Homélie du 1er janvier 2018

Luc 2, 16-21 Sainte Marie Mère de Dieu – C

1° Janvier 2018

On peut s’étonné de ce que l’Église fasse coïncider le premier jour de l’année civile avec la fête de Sainte Marie, Mère de Dieu. Et pourtant, il est significatif que, depuis le IVe siècle, l’Église, après avoir célébré solennellement la naissance du Sauveur, veut commencer l’année nouvelle sous la protection maternelle de Marie, Mère du Sauveur et notre Mère.

L’Église contemple avec reconnaissance la maternité de la Mère de Dieu, modèle de sa propre maternité envers nous tous. Luc nous présente la rencontre des bergers avec l’Enfant, accompagné de Marie, sa Mère, et de Joseph. La discrète présence de Joseph suggère son importante mission de gardien du grand mystère du Fils de Dieu. Tous ensemble, bergers, Marie et Joseph, avec le petit enfant couché dans la crèche, sont comme une belle image de l’Église en adoration.

L’évangéliste Luc parle d’une rencontre des bergers avec Jésus dans la crèche. En effet, sans l’expérience d’une rencontre personnelle avec le Seigneur, on ne trouve pas la foi. Seule cette rencontre, qui comporte un voir de ses propres yeux et, d’une certaine façon, un toucher, rend les bergers capables de témoigner de la Bonne Nouvelle, d’être de véritables évangélisateurs qui proclament ce qui leur avait été dit au sujet de ce petit enfant.

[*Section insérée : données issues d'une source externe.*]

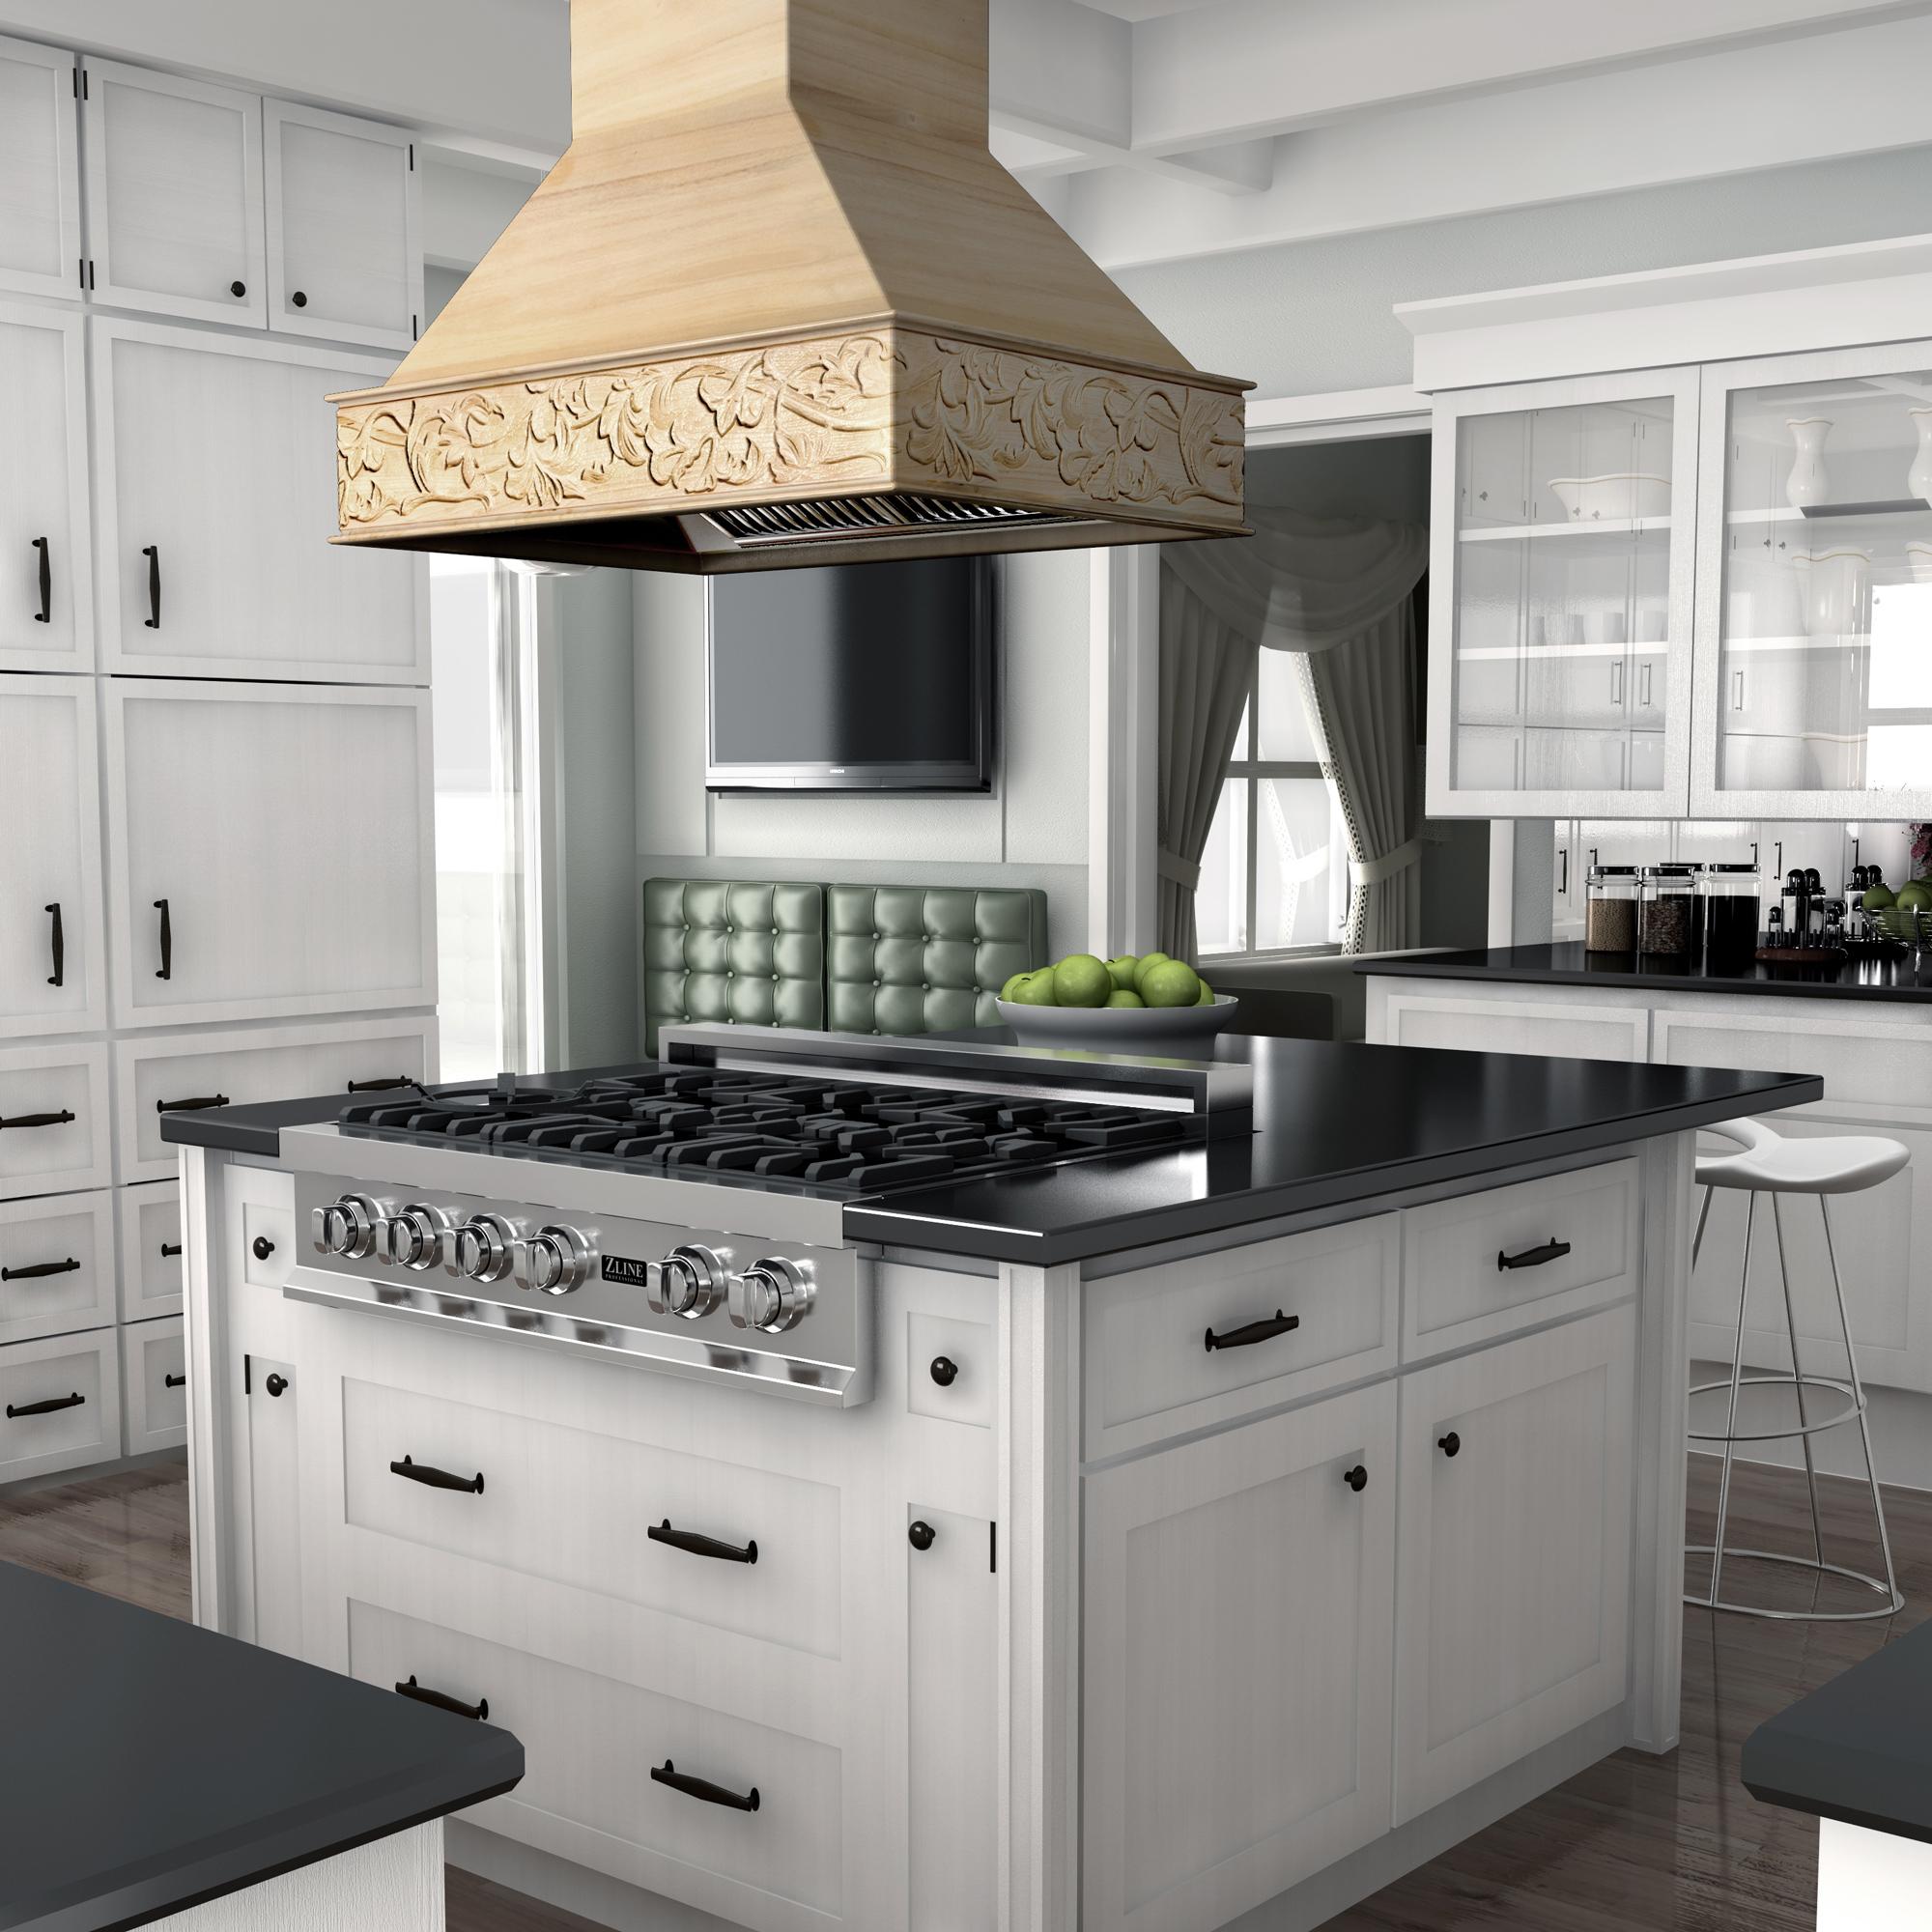 9373_UF_New_kitchen05_Images_Dropin_Cam_01_RE_B.jpg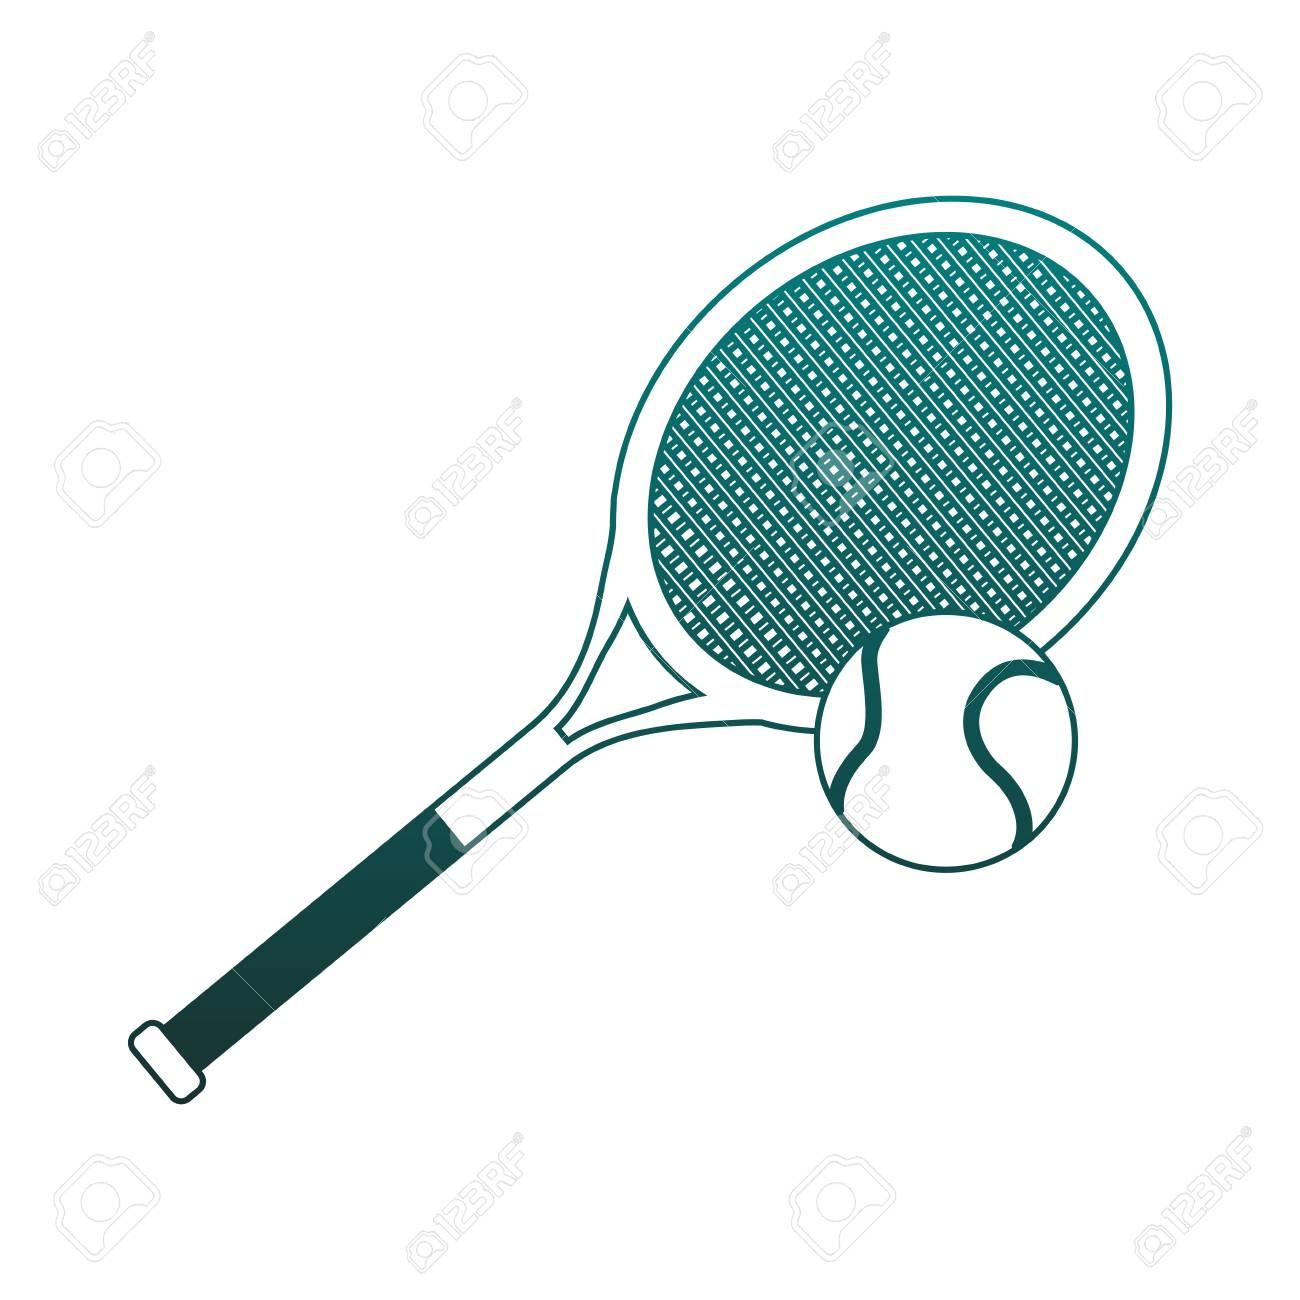 Tennis Racket Equipment Vector Illustration Graphic Design Royalty

Et voici un premier fruit de la rencontre avec le Christ : « Tous ceux qui les entendirent furent dans l’étonnement ». Nous devons demander la grâce de savoir susciter cet étonnement, cette admiration chez ceux et celles auxquels nous témoignons de l’Évangile, par nos paroles et par nos actes.

Il existe encore un second fruit de cette rencontre : « Les bergers s’en retournèrent, glorifiant et louant Dieu pour tout ce qu’ils avaient entendu et vu ». L’adoration de l’Enfant leur remplit le cœur d’enthousiasme pour communiquer ce qu’ils ont vu et entendu, et la communication de ce qu’ils ont vu et entendu les amène à la prière de louange et à l’action de grâces, à glorifier le Seigneur.

Marie, la grande contemplative, qui « gardait toutes ces choses, pour les méditer dans son cœur », nous donne Jésus, dont le nom signifie “Dieu sauve”. Son nom est aussi notre Paix. Accueillons dans notre cœur le nom de Jésus et ayons-le souvent sur nos lèvres !

La “nouveauté” de cette année qui commence ne nous viendra donc pas du dehors. Elle ne peut jaillir que de notre intérieur. Cette année sera nouvelle si j’apprends à croire d’une manière nouvelle et plus confiante, si je sais trouver des gestes nouveaux et plus aimables dans ma vie familiale, si j’éveille dans mon cœur une compassion nouvelle à l’égard de ceux qui souffrent. Si, à l’image de Marie et des bergers, je suis capable de témoigner de la Bonne Nouvelle, d’être un véritable évangélisateur ou évangélisatrice qui puisse raconter ce que j’ai contemplé dans mes rencontres avec le Christ.

Bonne et Heureuse Année 2018 à toutes et à tous !!!